Turn heads with quality spin
The Chartered Institute of Public Relations reported that its education committee has swelled by a third in three years, representing a rapid growth in school PR.
"Traditionally, it's been something only private schools and universities were interested in. But now we're seeing more and more state schools," said Emma Leech, head of the institute's education committee.
Heightened competition for pupils, the associated scramble for funding, and a growing appetite for funding buildings through corporate sponsorship, have all added to schools' burgeoning interest in image.
Ms Leech said: "It's linked to the whole idea of pupils as consumers.
League tables are more important, people expect more information and parents have more choice." The advantages are numerous: attracting pupils, high calibre staff and business sponsors, as well as combating negative coverage.
Dean Blake, who works for John Cabot technology college in Bristol, estimates that he generated pound;30,000 of free publicity for his school in his first 18 months on the job, as well as helping to turn around the reputation of nearby Hartcliffe engineering college.
He works there on a freelance basis.
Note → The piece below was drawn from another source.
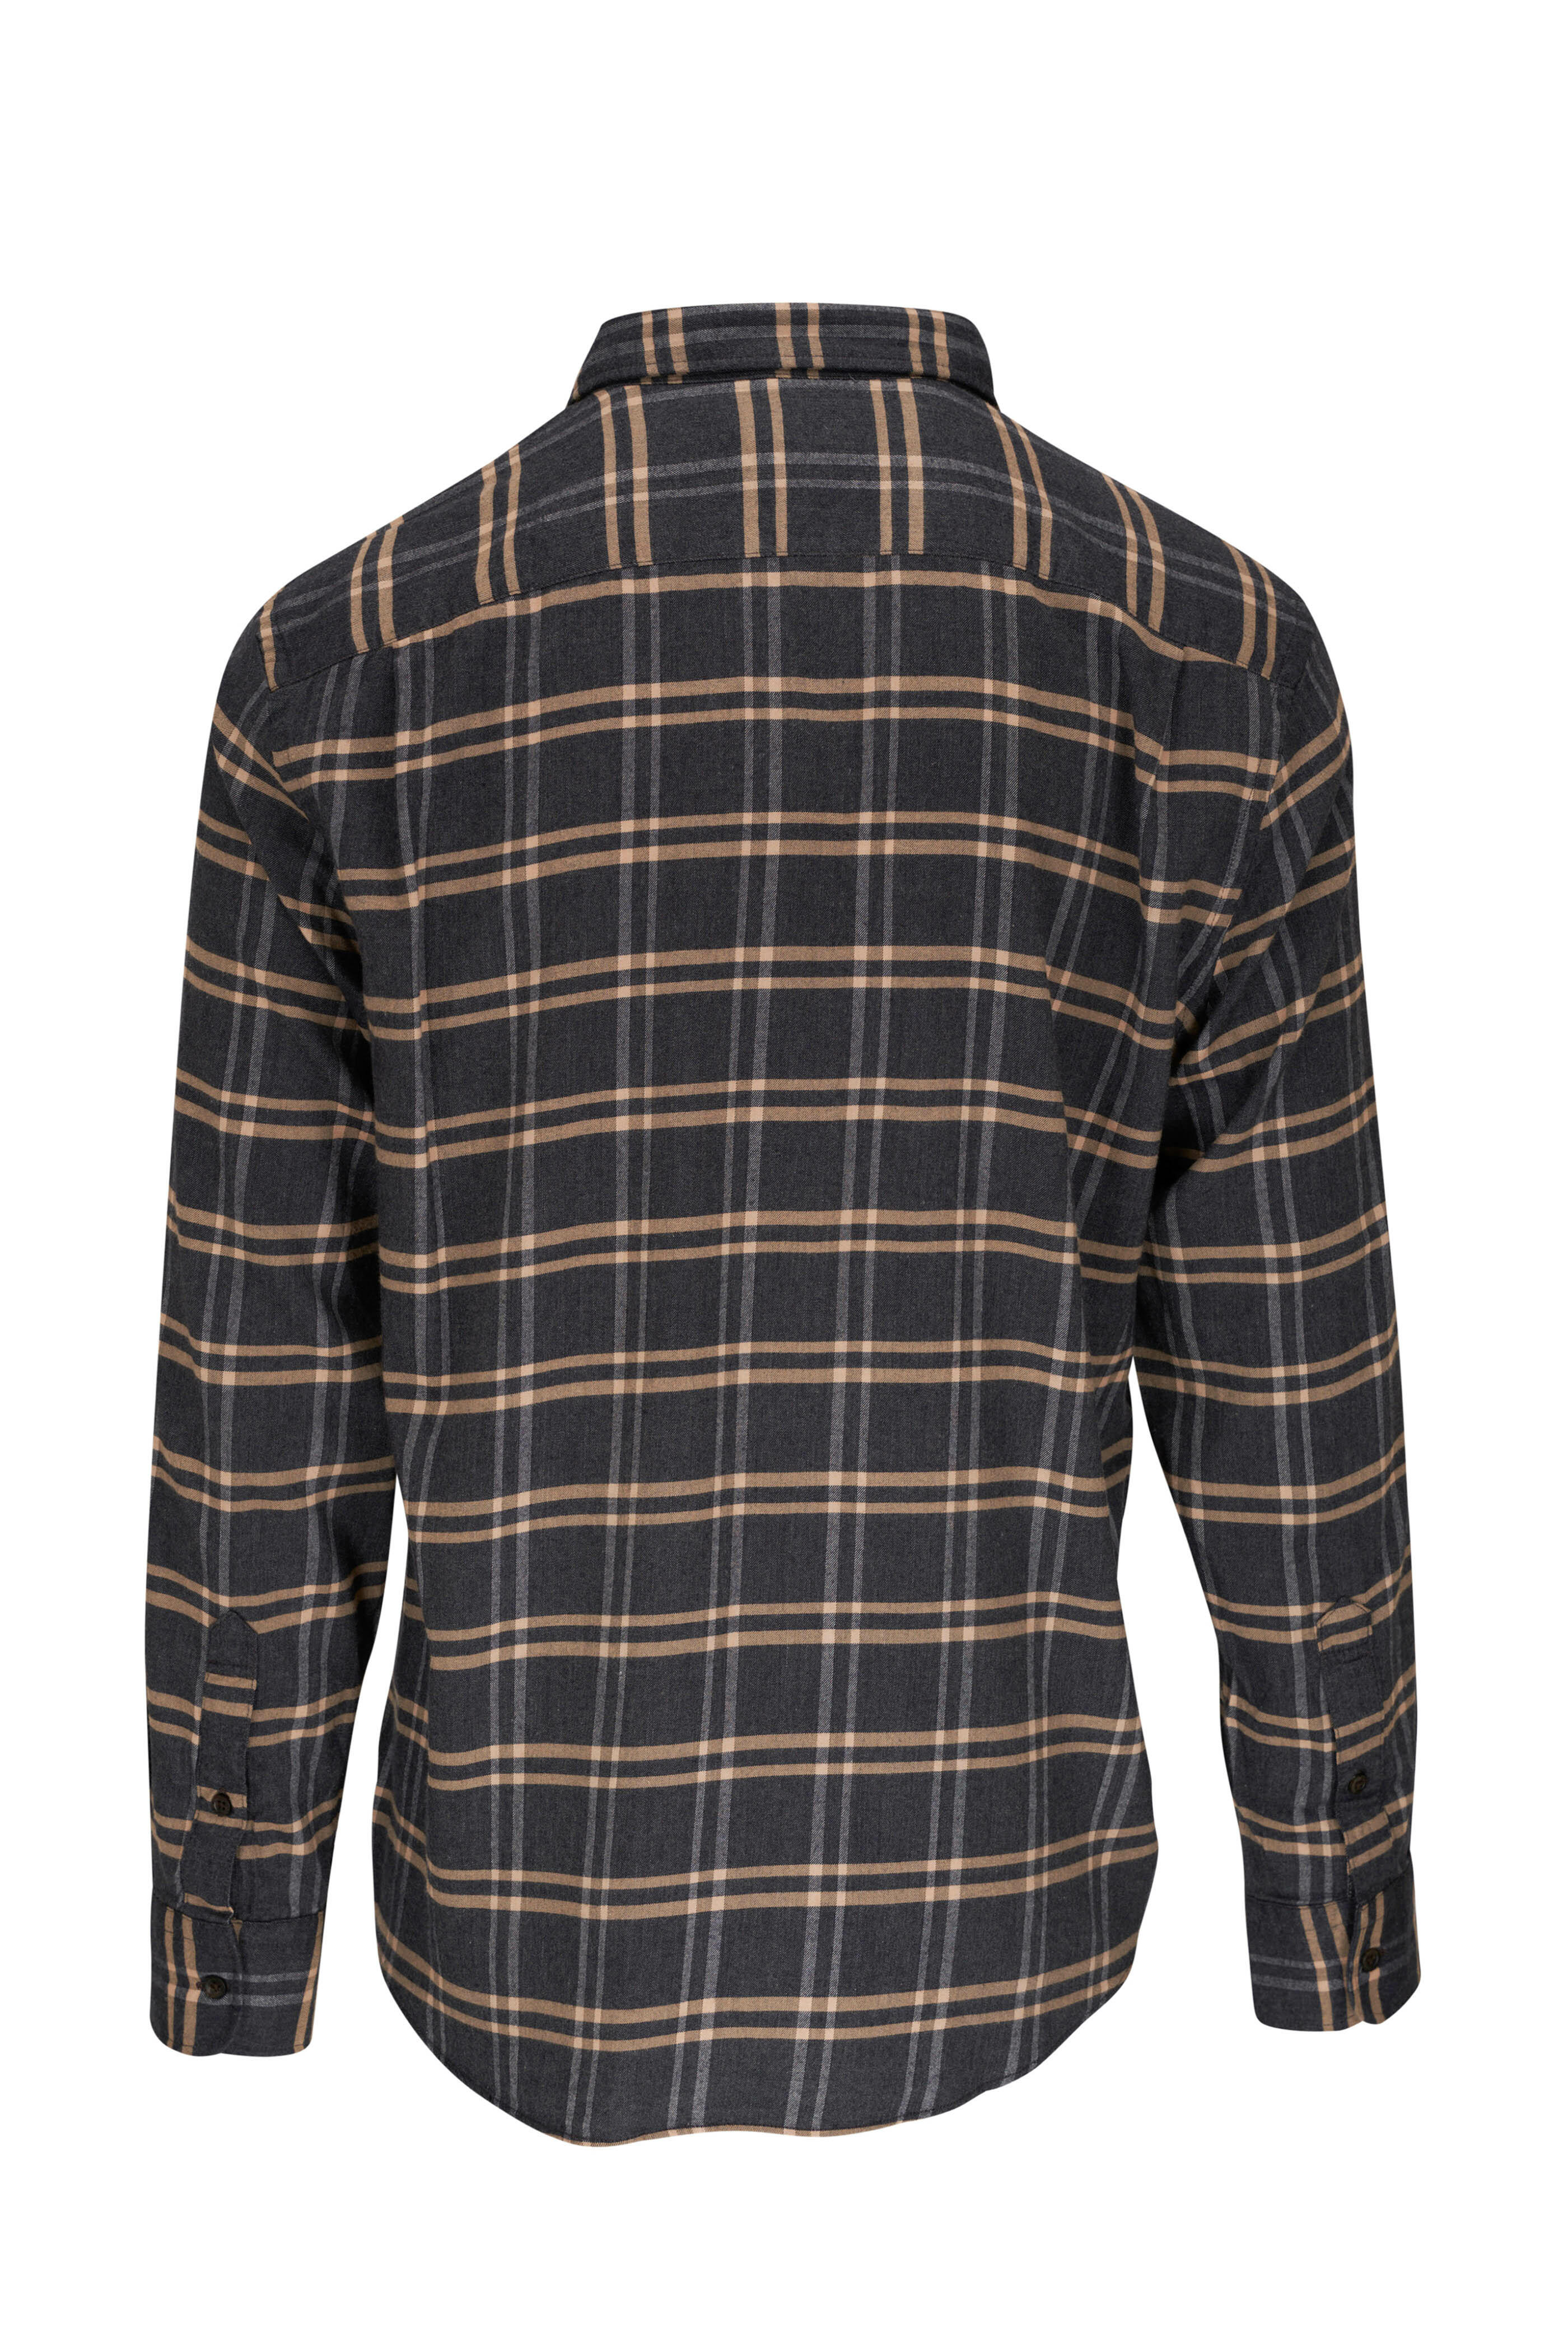 Faherty Brand - The All Time Granite Canyon Plaid Sport Shirt

He said: "It's about getting good stories out there. We have very good contacts with the local press and we drip feed stories."
At a time when around 80 per cent of school funding depends on pupil numbers, it's easy to see why headteachers turn to the professionals, according to Mick Brookes, general secretary of the National Association of Head Teachers.
But he is keen that the increasing reliance on PR does not give wealthy schools an unfair advantage.
"It's all very well if you can afford it. But what about the rest?" he said.
Enhance your appeal
Employ somebody in the role who is always contactable. This person should be prepared to give their mobile number to journalists.
If you promise you are going to do something, do it. Don't make promises you can't keep.
Target your local free paper. It goes to every house.
Keep your press releases short, concise and interesting - it's the only way to get stories published.